# Задание
Разобраться с моделькой перевода как она устроена (без механизма внимания), запустить для перевода с русского на английский

-------------------------

In [1]:
import numpy as np
import unicodedata
import re
import os
from pathlib import Path
import io
import time
import warnings
warnings.filterwarnings('ignore')

In [2]:
import matplotlib.pyplot as plt
import matplotlib.ticker as ticker
%matplotlib inline
%config InlineBackend.figure_format = 'svg'
plt.style.use('ggplot')
plt.rcParams['font.family'] = 'Times New Roman'

In [3]:
import tensorflow as tf
from sklearn.model_selection import train_test_split

*****************************************

# LOAD Data. Preprocessing

In [4]:
# !wget http://www.manythings.org/anki/rus-eng.zip # http://www.manythings.org/anki/ - other languages
# !mkdir rus-eng
# !unzip rus-eng.zip -d rus-eng/

In [5]:
path_to_file = os.path.join(Path(os.getcwd()), "rus-eng", "rus.txt")

In [6]:
def preprocess_sentence(w):
    w = w.lower().strip()

    # creating a space between a word and the punctuation following it
    # eg: "he is a boy." => "he is a boy ."
    w = re.sub(r"([?.!,])", r" \1 ", w)
    w = re.sub(r'[" "]+', " ", w)

    # replacing everything with space except (a-z, A-Z, ".", "?", "!", ",")
    w = re.sub(r"[^a-zA-Zа-яА-Я?.!,']+", " ", w)
    w = w.strip()

    # adding a start and an end token to the sentence
    # so that the model know when to start and stop predicting.
    w = '<start> ' + w + ' <end>'
    return w

In [7]:
preprocess_sentence("I can't go!!!")

"<start> i can't go ! ! ! <end>"

In [8]:
# 1. Remove the accents
# 2. Clean the sentences
# 3. Return word pairs in the format: [ENG, RUS]
def create_dataset(path, num_examples):
    lines = io.open(path, encoding='UTF-8').read().strip().split('\n')

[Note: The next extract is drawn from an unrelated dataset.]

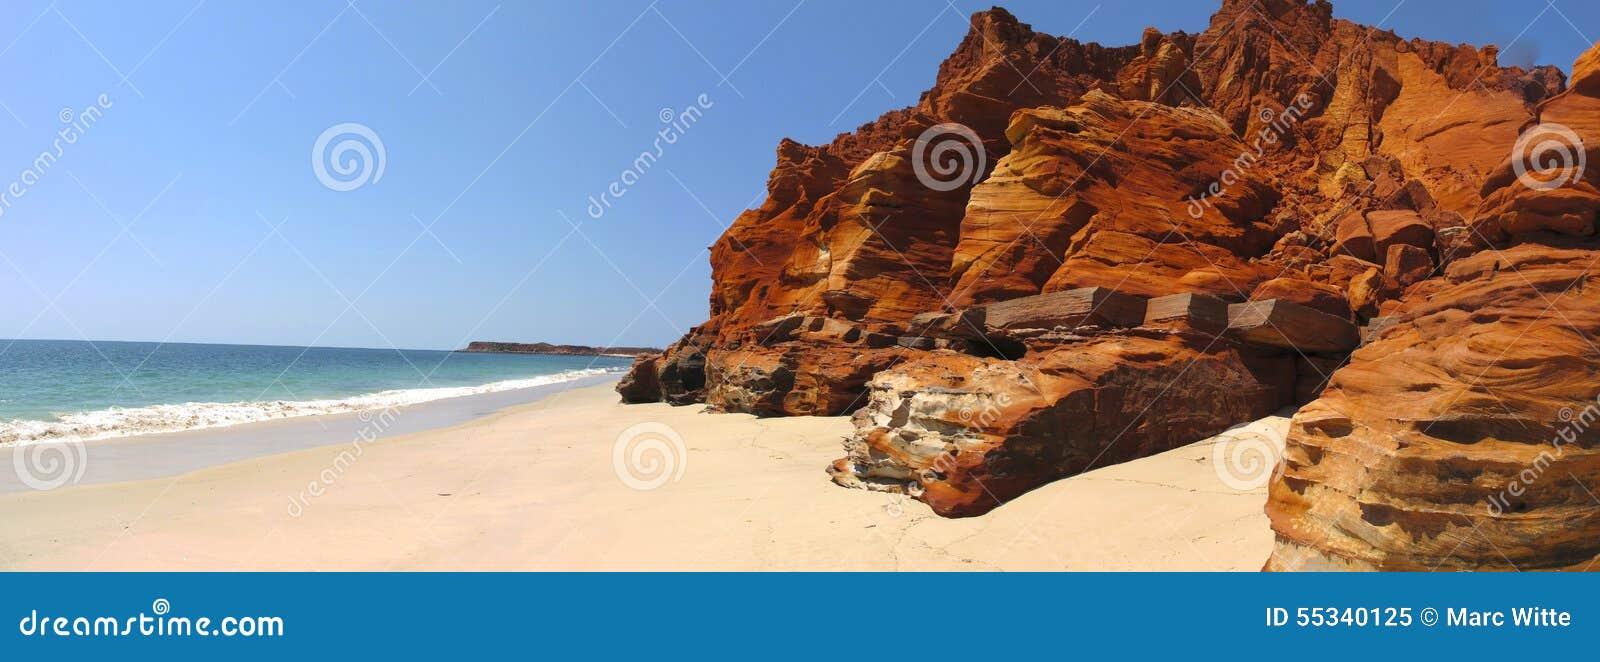 Cap Leveque près de Broome, Australie occidentale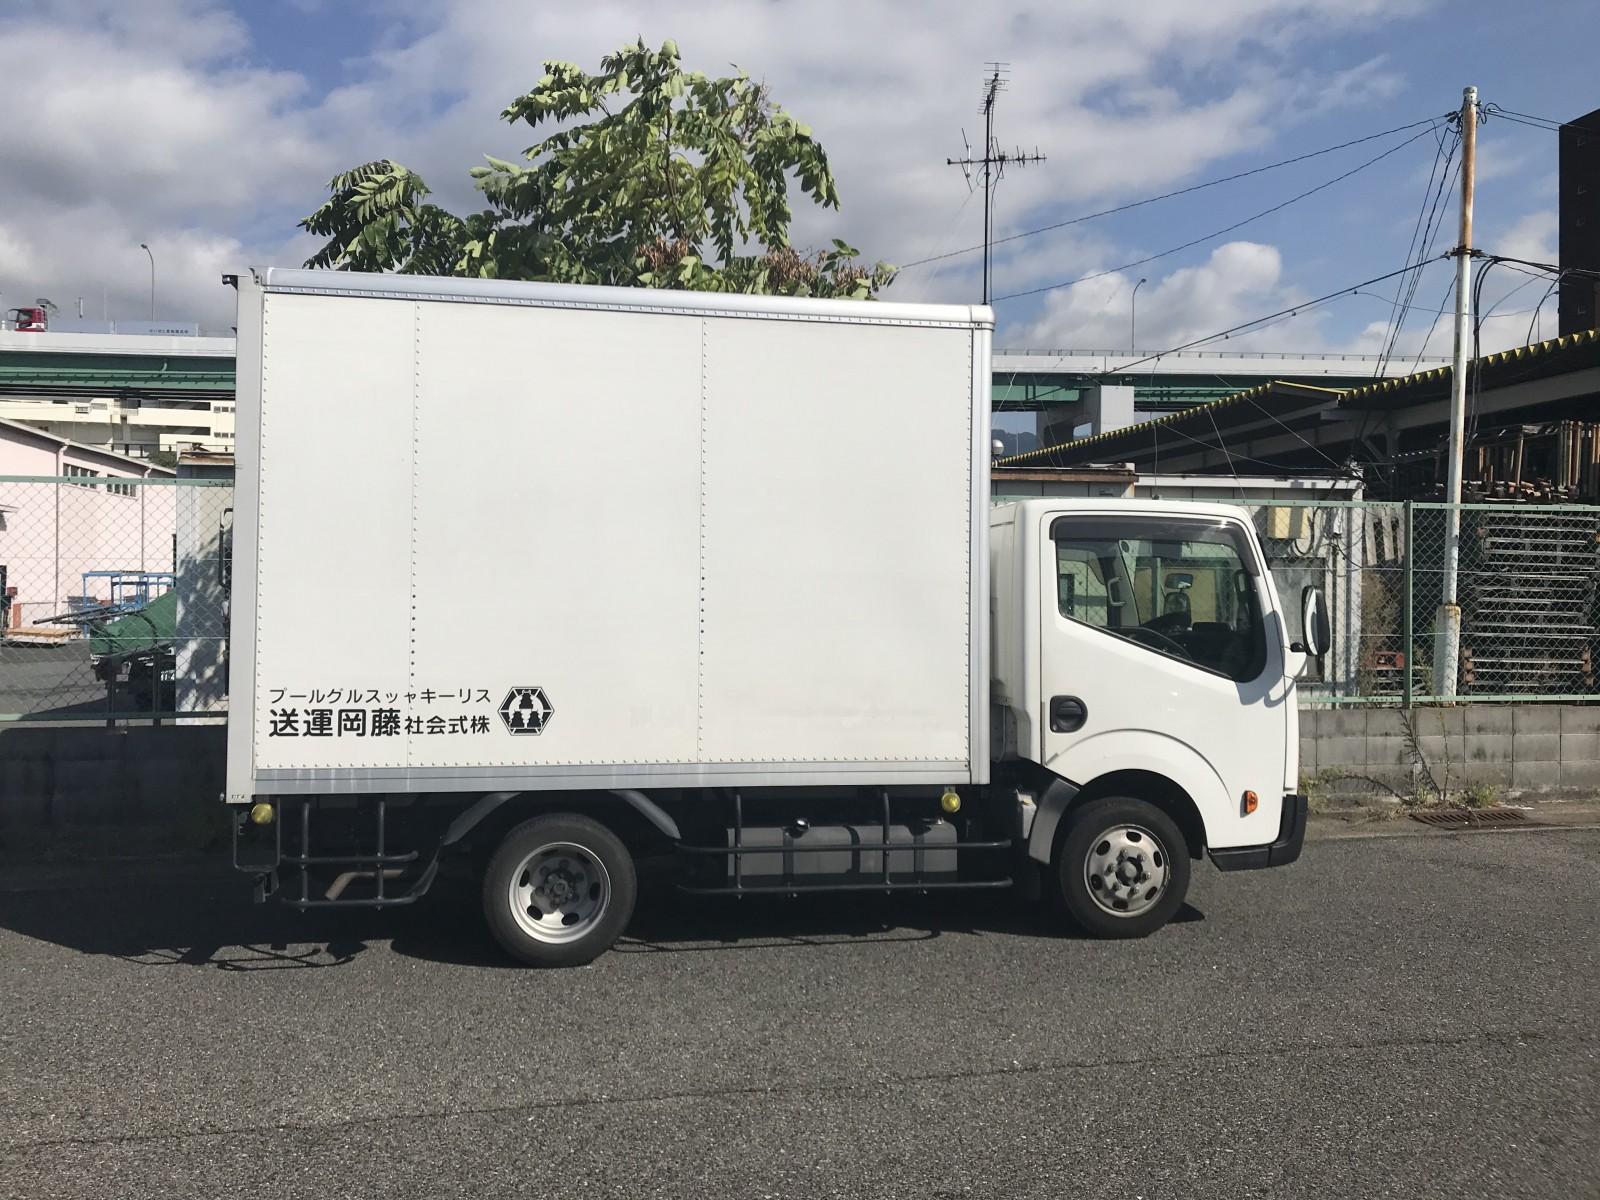 大手住宅建材商品の沖縄定期便の出荷作業

    word_pairs = [[preprocess_sentence(w) for w in l.split('\t')[
        :2]] for l in lines[:num_examples]]

    return zip(*word_pairs)

In [9]:
en, ru = create_dataset(path_to_file, None)
print(en[-1])
print(ru[-1])

<start> doubtless there exists in this world precisely the right woman for any given man to marry and vice versa but when you consider that a human being has the opportunity of being acquainted with only a few hundred people , and out of the few hundred that there are but a dozen or less whom he knows intimately , and out of the dozen , one or two friends at most , it will easily be seen , when we remember the number of millions who inhabit this world , that probably , since the earth was created , the right man has never yet met the right woman . <end>
<start> несомненно , для каждого мужчины в этом мире где то есть подходящая женщина , которая может стать ему женой , обратное верно и для женщин . но если учесть , что у человека может быть максимум несколько сотен знакомых , из которых лишь дюжина , а то и меньше , тех , кого он знает близко , а из этой дюжины у него один или от силы два друга , то можно легко увидеть , что с уч том миллионов живущих на земле людей , ни один подходящи

In [10]:
def tokenize(lang):
    lang_tokenizer = tf.keras.preprocessing.text.Tokenizer(
        filters='')
    lang_tokenizer.fit_on_texts(lang)

    tensor = lang_tokenizer.texts_to_sequences(lang)

    tensor = tf.keras.preprocessing.sequence.pad_sequences(tensor,
                                                           padding='post')

    return tensor, lang_tokenizer

In [11]:
def load_dataset(path, num_examples=None):
    # creating cleaned input, output pairs
    targ_lang, inp_lang = create_dataset(path, num_examples)

    input_tensor, inp_lang_tokenizer = tokenize(inp_lang)
    target_tensor, targ_lang_tokenizer = tokenize(targ_lang)

    return input_tensor, target_tensor, inp_lang_tokenizer, targ_lang_tokenizer

In [12]:
len(en), len(ru)

(431097, 431097)

In [13]:
# Try experimenting with the size of that dataset
num_examples = 100000
input_tensor, target_tensor, inp_lang, targ_lang = load_dataset(path_to_file, num_examples)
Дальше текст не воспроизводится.